How does it compare to Kimi 2.5 or Qwen 3.6 Plus?

eis · 2026-04-07T18:17:45 1775585865

The blog post has a benchmark comparison table with these two in it

jaggs · 2026-04-07T19:34:02 1775590442

Thanks, I missed that. It's very interesting. They're quite close, but I found Qwen 3.6 plus was just marginally better than Kimi 2.5. But looking at the stats I'll definitely give GLM 5.1 a try now. [edit: even though looking at it, it's not cheap and has a much smaller context size.And I can't tell about tool use.]

DeathArrow · 2026-04-07T18:15:43 1775585743

Compared to Kimi 2.5 or Qwen 3.6 Plus I don't know, but I ran GLM 5 (not 5.1) side by side with Qwen 3.5 Plus and it was visibly better.

XCSme · 2026-04-08T00:12:51 1775607171

General intelligence (not coding) comparison: https://aibenchy.com/compare/z-ai-glm-5-medium/z-ai-glm-5-1-...

BoorishBears · 2026-04-08T04:19:53 1775621993

Is there really no rule that discourages 99% of your interactions with HN from being peddling some useless slop benchmark?

XCSme · 2026-04-08T08:05:47 1775635547

If it's relevant to the discussion, I hope not.

I've spent probably over100 hours working on this benchmarking/site platform, and all tests are manually written. For me (and many others that reached out to me) are not useless either. I use this myself regularly when choosing and comparing new models. I honestly beleive it is providing value to the conversation.

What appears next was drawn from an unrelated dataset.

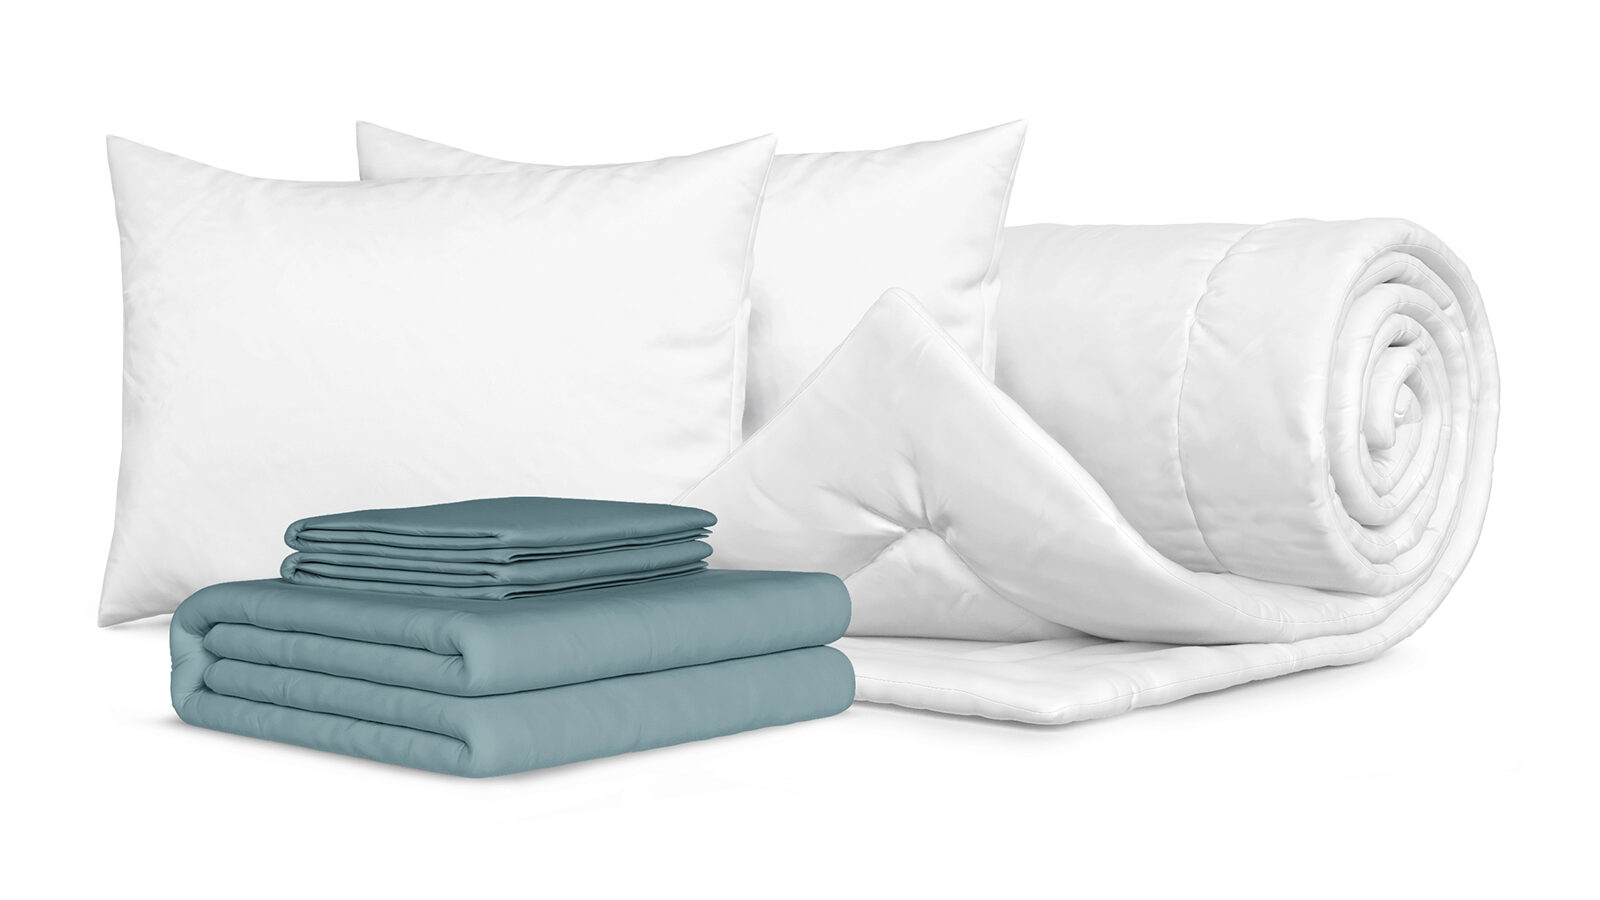 Комплект Одеяло Beat + 2 Подушка Sky + Комплект постельного белья Comfort Cotton, цвет: Серо-голубой

Let me know if you know of a better platform you can use to compare models, I built this one because I didn't find any with good enough UX.

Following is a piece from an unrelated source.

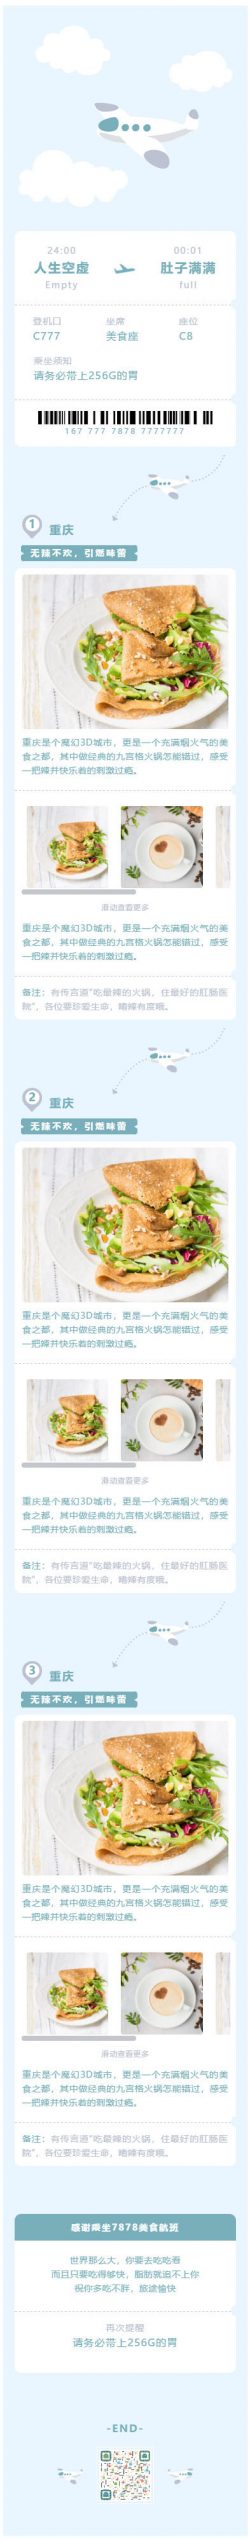 重庆旅游旅行蓝色清新风格左右滑动微信模板公众号美食推文

jaggs · 2026-04-08T10:10:16 1775643016

It's a great benchmark. Don't listen to the haters. This one is especially interesting.

https://aibenchy.com/compare/anthropic-claude-sonnet-4-6-med...

BoorishBears · 2026-04-08T18:16:58 1775672218

This one's even more interesting

https://aibenchy.com/compare/anthropic-claude-opus-4-6-mediu...

Who knew Anthropic was this far behind???

jaggs · 2026-04-08T19:03:23 1775675003

Yeah, but actually that's not a good look. Anyone who's used Gemini will know how random it is in terms of getting anything serious done, compared to the rock solid opus experience.

BoorishBears · 2026-04-09T08:10:19 1775722219

Their benchmark is chock-full of things like that: It's deeply flawed and is essentially rating how LLMs perform if you exert yourself trying to hold them entirely the wrong way.